Ok, I digged a little, but came to the same conclusion as before:

   O_DIRECT uses "get_user_pages()" pages (user mapped pages) to feed
   the block layer with rather than pagecache pages.  However
   pagecache pages can also be user mapped, so I'm thinking there
   should be enough cache flushing APIs to be able to handle either
   case.

(from https://lkml.org/lkml/2008/11/20/20)
 
flush_anon_page() and flush_kernel_dcache_page() were introduced
in the same patch set:

   Currently, get_user_pages() returns fully coherent pages to the
   kernel for anything other than anonymous pages.  This is a problem
   for things like fuse and the SCSI generic ioctl SG_IO which can
   potentially wish to do DMA to anonymous pages passed in by users.

   The fix is to add a new memory management API: flush_anon_page()
   which is used in get_user_pages() to make anonymous pages
   coherent.

(from https://lkml.org/lkml/2006/3/21/363)

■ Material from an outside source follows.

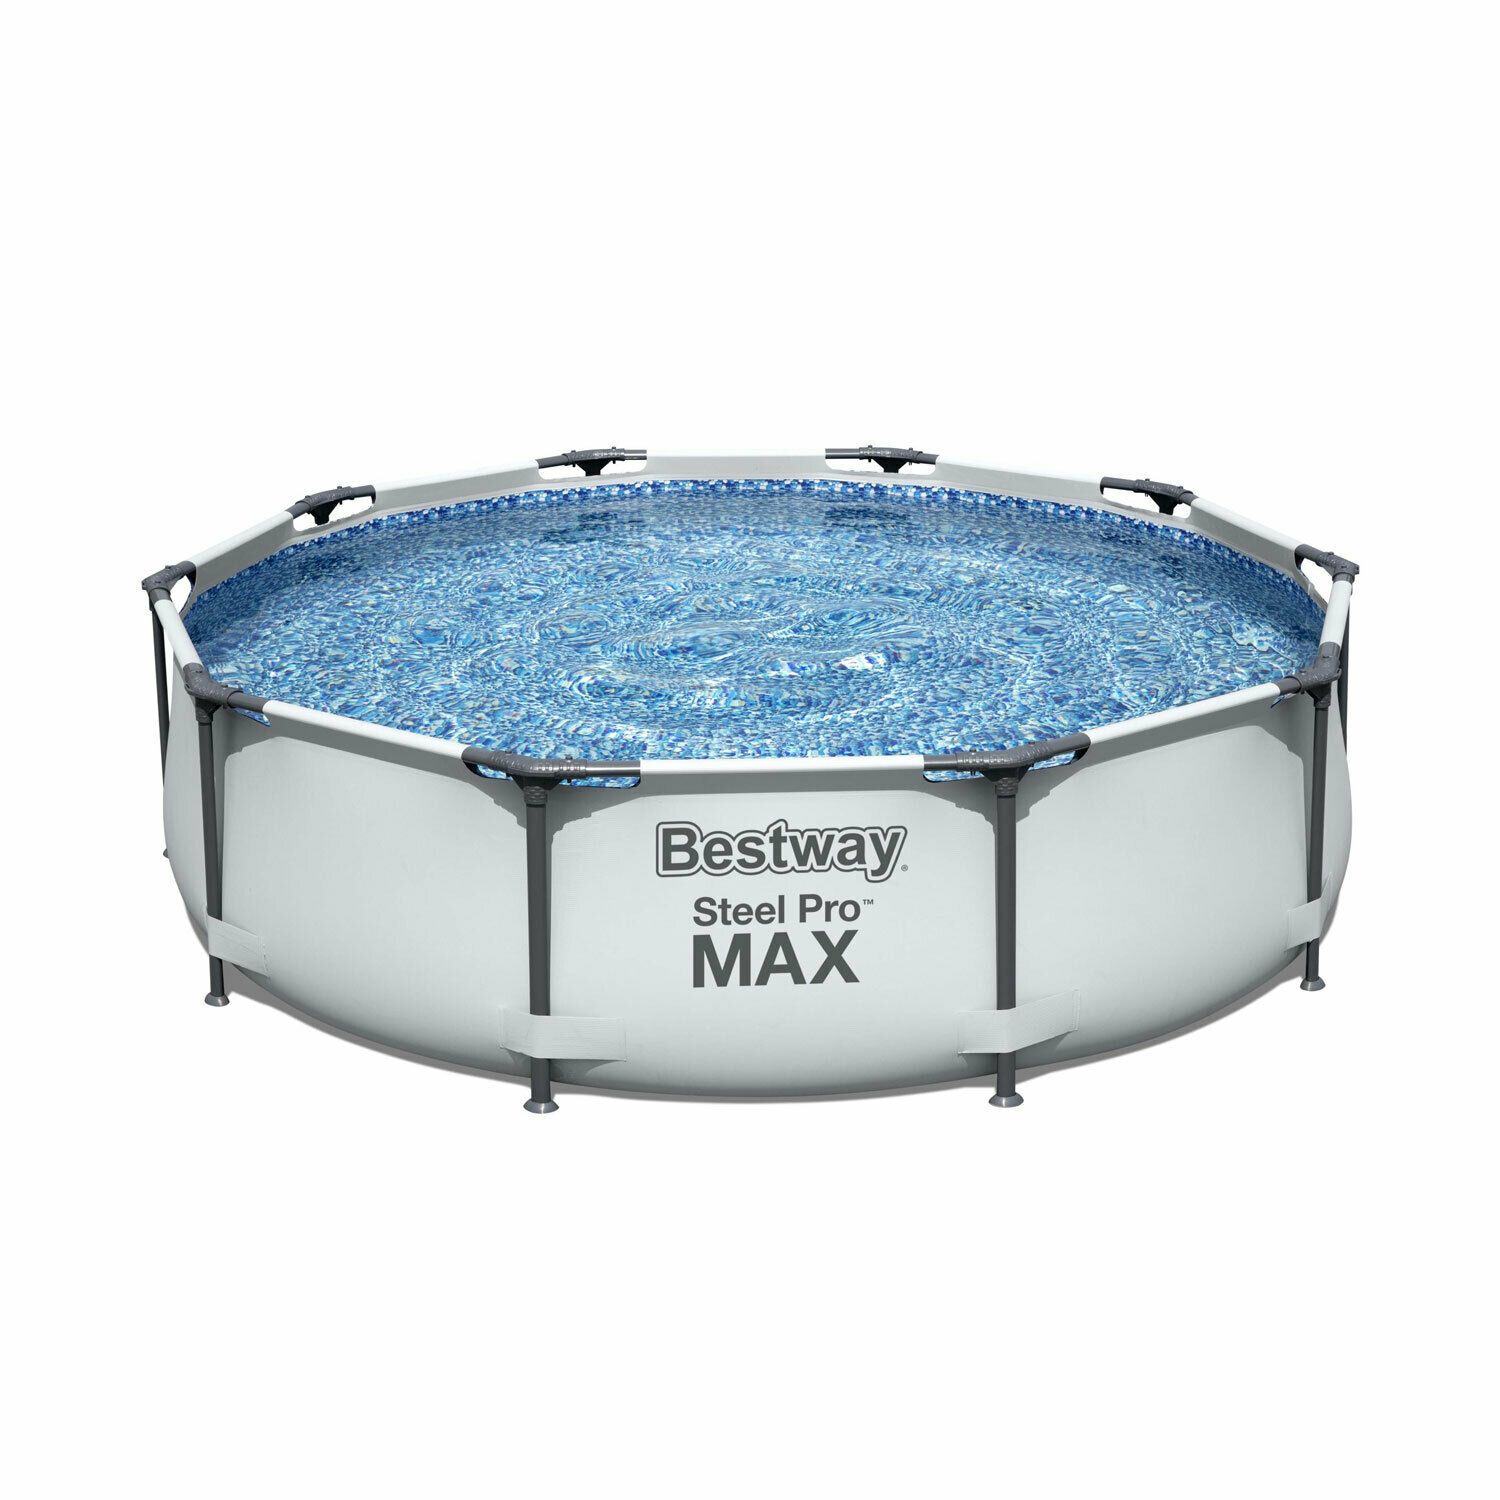 Bestway 10' x 30" Steel Pro Frame Max Round Above Ground Swimming Pool with Pump

   We have a problem in a lot of emulated storage in that it takes a
   page from get_user_pages() and does something like

   kmap_atomic(page)
   modify page
   kunmap_atomic(page)

   However, nothing has flushed the kernel cache view of the page
   before the kunmap.  We need a lightweight API to do this, so this
   new API would specifically be for flushing the kernel cache view
   of a user page which the kernel has modified.  The driver would
   need to add flush_kernel_dcache_page(page) before the final
   kunmap.

(from https://lkml.org/lkml/2006/3/21/364)

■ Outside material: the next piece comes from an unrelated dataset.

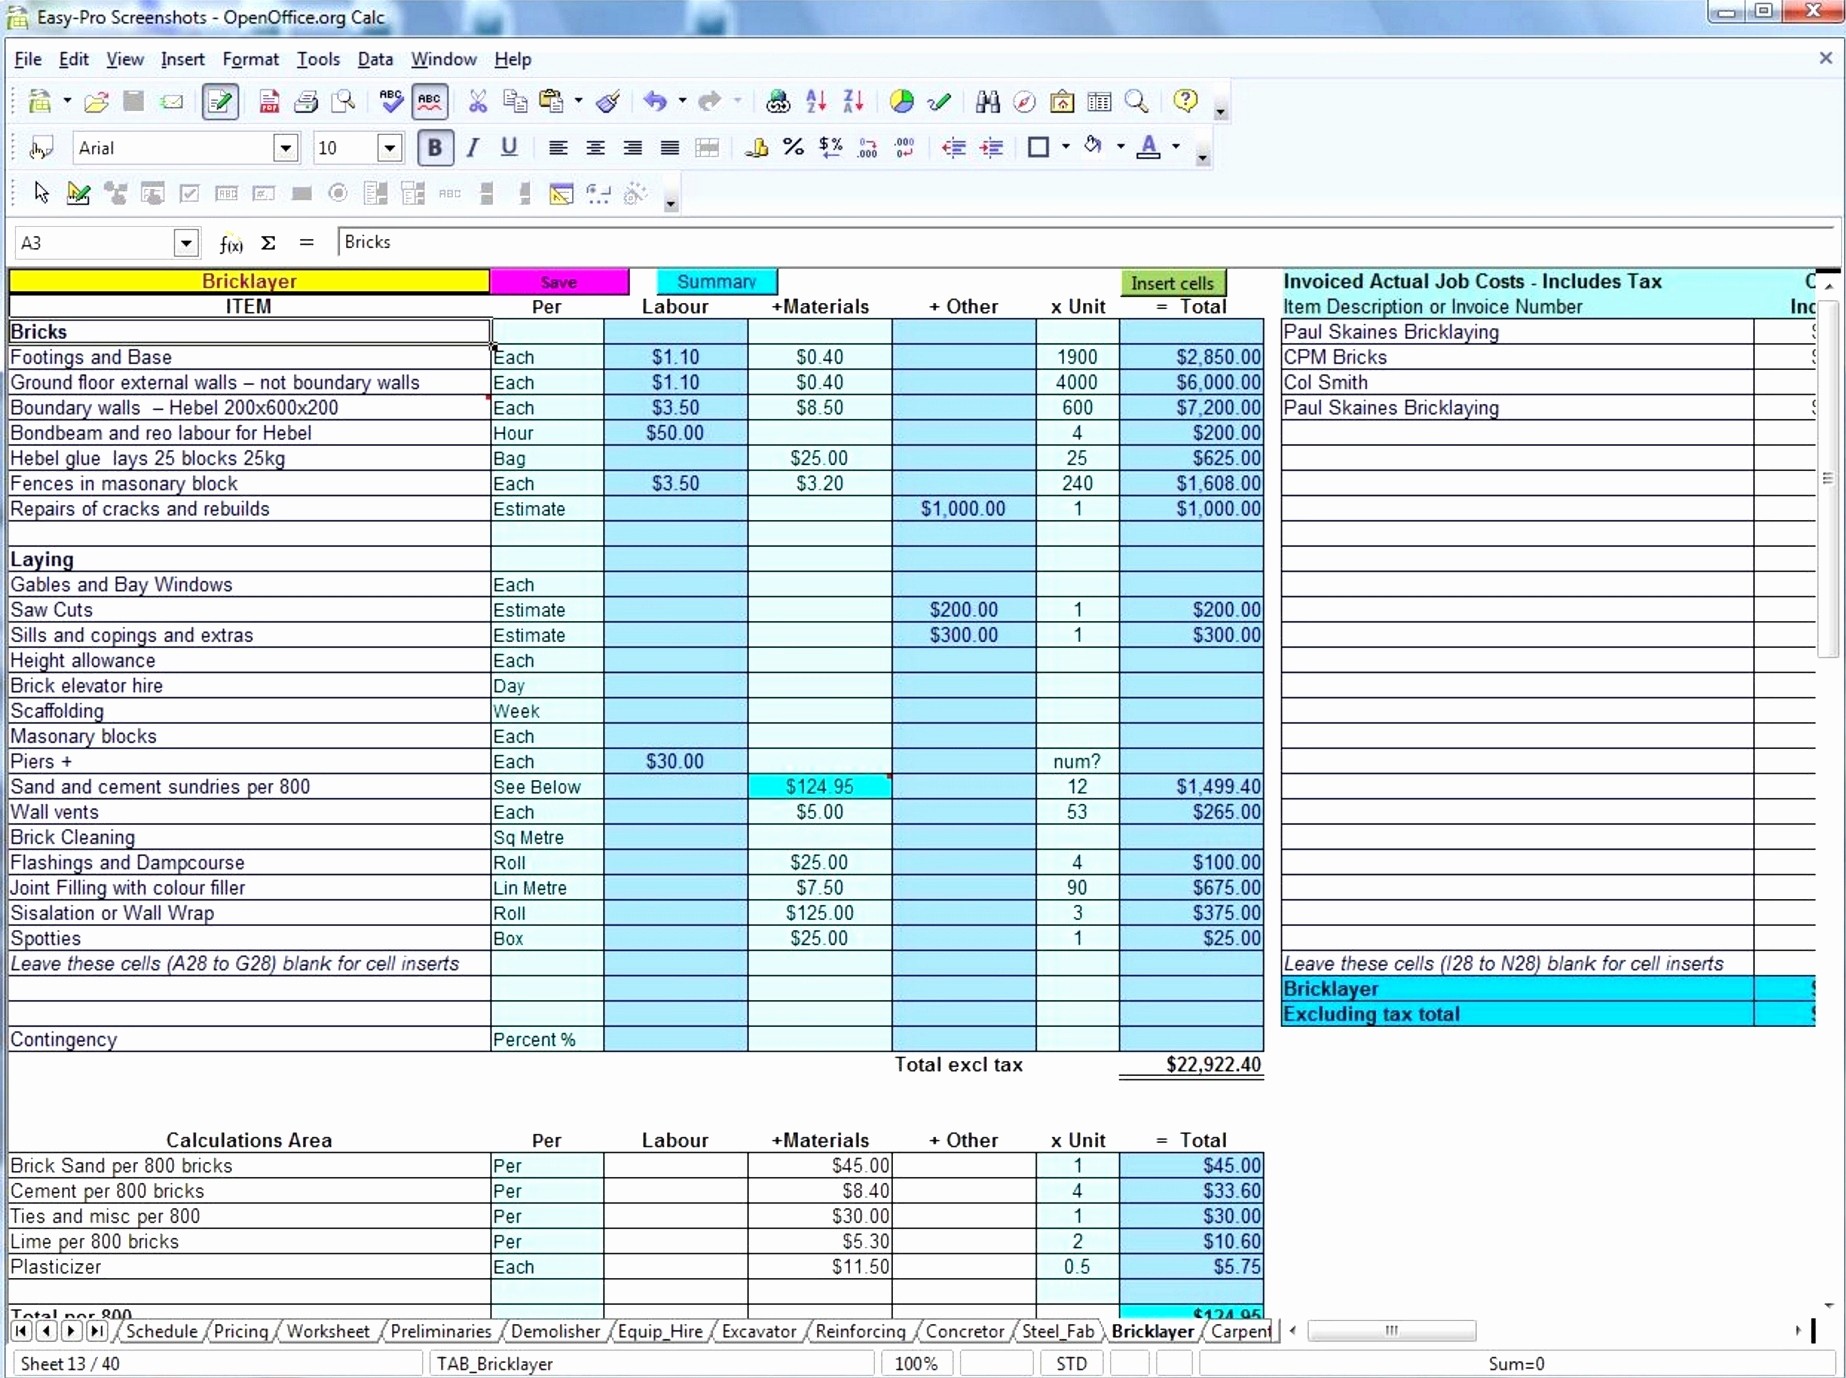 50 Best Of Cooling Load Calculation Software Excel DOCUMENTS IDEAS Document

I have seen much discussion whether this make sense, but no changes
to this approach.

Thus:

- When using O_DIRECT, the block layer sees pages from get_user_pages()

- get_user_pages() is supposed to handle anonymous pages as well as
  user mapped page cache pages.

-> the block layer (and thus device drivers) will see these types of
   pages in this case.

- flush_kernel_dcache_page()'s intention is to handle these user pages


As said before, I tried to be least intrusive with my patch. Leave
the common case completely untouched (page cache page with no user
mappings). Don't flush and don't do anything to PG_dcache_clean.

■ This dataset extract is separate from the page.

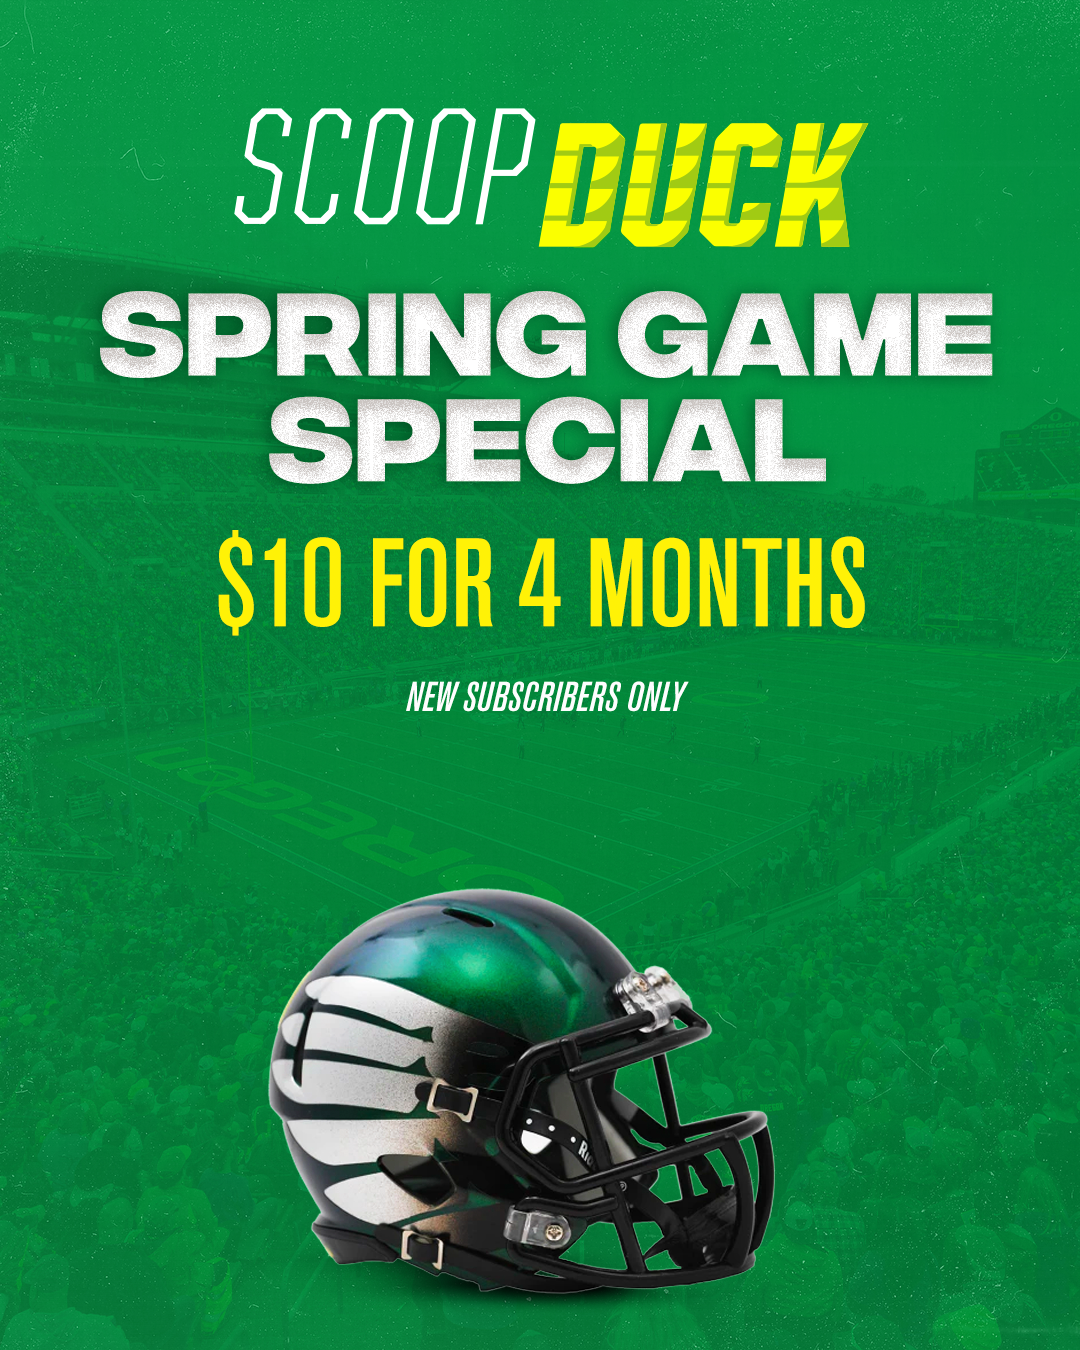 ACT NOW: Oregon Spring Game Special

However, in case of an anonymous page or a page cache page with user
mappings, just flush the page. I don't think setting PG_dcache_clean
is of much value here (the page already has user mappings).

However, if the patch should be more explicit, I can change that of
course, i.e. mimic flush_dcache_page, but only for the kernel
mapping. 


A different story is whether PIO device drivers (instead of emulated
storage ones) should use flush_kernel_dcache_page() or
flush_dache_page().  In almost all cases, they seem to use
flush_dcache_page() today, which is not supposed to handle anonymous
pages (but does at least for the kernel mapping). 

- Simon


> I agree. I am not claiming that my patch is necessarily correct; this
> is a tangled mess for me.  But hey, it got the discussion finally
> going.
>  
> > Note that flush_*dcache_page() are supposed to only be concerned with
> > page cache pages, not anonymous pages.  flush_anon_page() is all about
> > anonymous pages only.
> 
> May be, may be not. From Documentation/cachetlb.txt:
> 
>   void flush_dcache_page(struct page *page)
> 
> 	Any time the kernel writes to a page cache page, _OR_
> 	the kernel is about to read from a page cache page and
> 	user space shared/writable mappings of this page potentially
> 	exist, this routine is called.
> 
>   void flush_kernel_dcache_page(struct page *page)
> 	When the kernel needs to modify a user page is has obtained
> 	with kmap, it calls this function after all modifications are
> 	complete (but before kunmapping it) to bring the underlying
> 	page up to date.
>
diff mbox

Patch

diff --git a/arch/arm/include/asm/cacheflush.h b/arch/arm/include/asm/cacheflush.h
index 004c1bc..91ddc70 100644
--- a/arch/arm/include/asm/cacheflush.h
+++ b/arch/arm/include/asm/cacheflush.h
@@ -303,6 +303,10 @@  static inline void flush_anon_page(struct vm_area_struct *vma,
 #define ARCH_HAS_FLUSH_KERNEL_DCACHE_PAGE
 static inline void flush_kernel_dcache_page(struct page *page)
 {
+	extern void __flush_kernel_dcache_page(struct page *);
+	/* highmem pages are always flushed upon kunmap already */
+	if ((cache_is_vivt() || cache_is_vipt_aliasing()) && !PageHighMem(page))
+		__flush_kernel_dcache_page(page);
 }
 
 #define flush_dcache_mmap_lock(mapping) \
diff --git a/arch/arm/mm/flush.c b/arch/arm/mm/flush.c
index 7745854..bcba3a9 100644
--- a/arch/arm/mm/flush.c
+++ b/arch/arm/mm/flush.c
@@ -192,6 +192,28 @@  void __flush_dcache_page(struct address_space *mapping, struct page *page)
 				page->index << PAGE_CACHE_SHIFT);
 }
 
+/*
+ * Ensure cache coherency for kernel mapping of this page.
+ *
+ * If the page only exists in the page cache and there are no user
+ * space mappings, this is a no-op since the page was already marked
+ * dirty at creation.  Otherwise, we need to flush the dirty kernel
+ * cache lines directly.
+ *
+ * We can assume that the page is no high mem page, see
+ * flush_kernel_dcache_page.
+ */
+void __flush_kernel_dcache_page(struct page *page)
+{
+	struct address_space *mapping;
+
+	mapping = page_mapping(page);
+
+	if (!mapping || mapping_mapped(mapping))
+		__cpuc_flush_dcache_area(page_address(page), PAGE_SIZE);
+}
+EXPORT_SYMBOL(__flush_kernel_dcache_page);
+
 static void __flush_dcache_aliases(struct address_space *mapping, struct page *page)
 {
 	struct mm_struct *mm = current->active_mm;